図1は、3GPPにおいて規定されている基地局機能の分割のオプションを示す図であり、基地局の各レイヤの機能(RF,...,PDCP)をDUとCUとに分割して配置する際の分割点が、オプション1~8として示されている。基地局の機能をDUとCUに分割して配置する機能分割により、基地局の上位レイヤの一部の機能がCUに配置され、残りの機能がDUに配置される。
【0017】
図2は、
図1に示される、基地局のそれぞれ異なるレイヤの複数の機能を、CU、DU及びRUに分割した構成の一例を示す図である。
図2に示すように、本実施形態では、CU及びDUに加えて、RF及びPHY等の機能を有する無線ユニット(RU:Radio Unit)を新たに設ける。

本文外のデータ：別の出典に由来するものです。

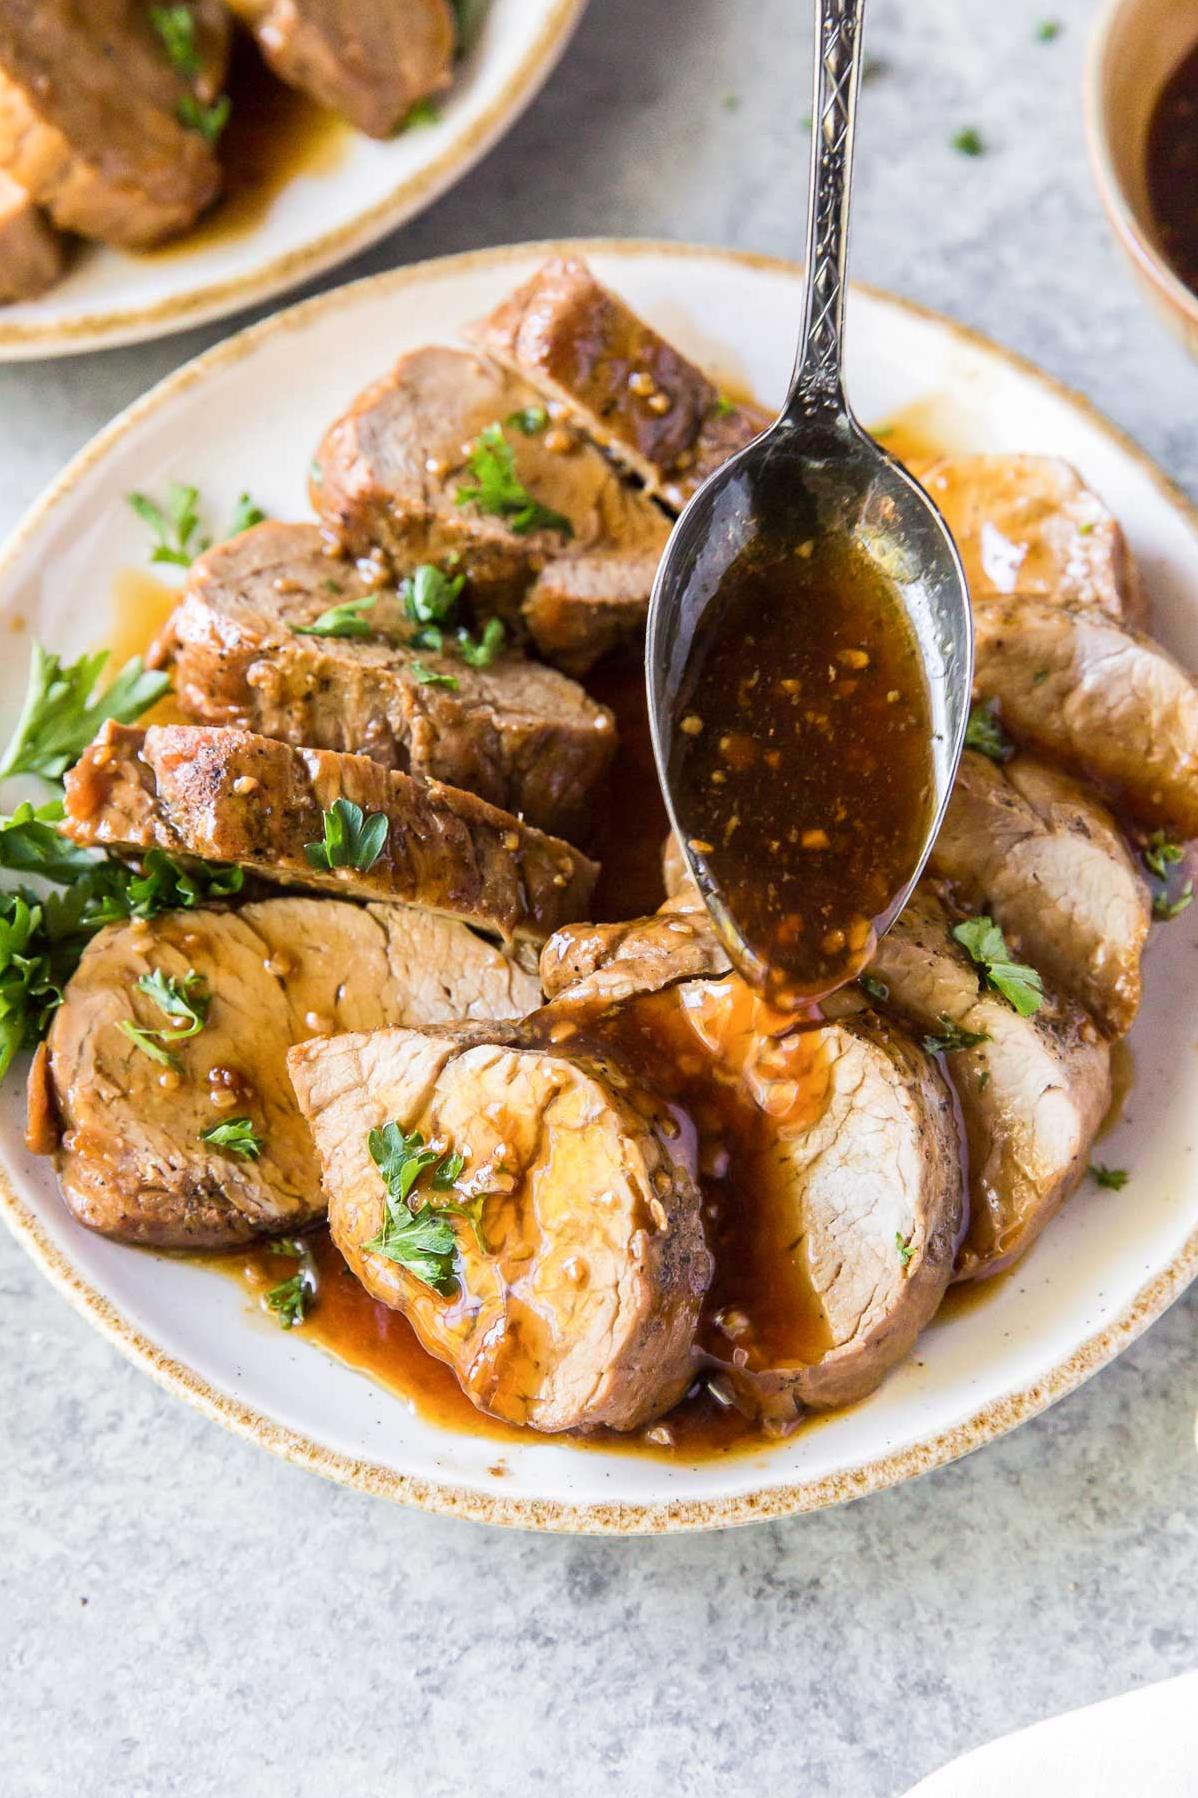  The ultimate weeknight meal: this Garlic Pork Tenderloin is quick, easy, and delicious.

図2の基地局(基地局システム)は、CU10、DU20、及びRU30で構成され、CU10は、コアネットワーク(5GC、EPC等)に接続され、DU20は、CU10とRU30との間に接続される。
【0018】
DU20は、基地局の機能のうちの、無線リソースのスケジューリング機能を少なくとも有する第1ユニットの一例である。CU10は、基地局の機能のうち、接続されたDU20(第1ユニット)が有する機能よりも上位レイヤの機能を有する第2ユニットの一例である。また、RU30は、基地局の機能のうちの、電波の送受信機能(RF)を少なくとも有する無線ユニットの一例である。
【0019】
図2の構成例では、DU20は、スケジューリング機能に相当するHigh MACの機能だけでなく、RLC及びLow MACの機能も有しており、CU10は、DU20が有する機能より上位レイヤの機能である、SDAP/RRC及びPDCPの機能を有している。また、RU30は、電波の送受信機能に相当するRFの機能だけでなく、PHYの機能も有している。なお、PHYの一部の機能のみをRU30に実装し、PHYの残りの機能をDU20に実装してもよい。
【0020】
以下では、
図2に示される機能構成を一例として用いて、本実施形態に係る基地局システムの構成及び動作について具体的に説明する。
【0021】
<比較例>
図3は、サービスタイプとしてmMTC、URLLC及びeMBBに対応するスライス1~3が生成された、基地局システムの構成例を示す図であり、後述する本実施形態の構成(
図4)に対する比較例を示している。なお、CU及びDUは、NFV/SDNベースのRANコントローラによって制御及び管理がなされ、各スライスは、RANコントローラによって生成される。
【0022】
図3の構成において、基地局システムは、スライス1~3のそれぞれに対応するCU及びDUと、各DUに接続され、かつ、アンテナサイトに配置されたRUとで構成されている。CU及びDUは、スライスごとに、配置される場所が異なっている。CU及びDUの配置に依存して、基地局間連携(セル間協調)の性能、アプリケーションに与える遅延量、及びネットワークの利用効率等が異なる。このため、
図3の構成では、スライス(サービス)ごとに適したCU及びDUの配置がなされている。
【0023】
図3のスライス1(mMTCスライス)では、アンテナサイトにDUが配置され、アンテナサイトからの距離が地方収容局(ローカルオフィス)よりも遠いデータセンタにCUが配置されている。mMTCスライスでは、データサイズが小さく、遅延制約が緩いIoTサービスを仮定した場合、CU(CU-UP)をデータセンタに配置することが適している。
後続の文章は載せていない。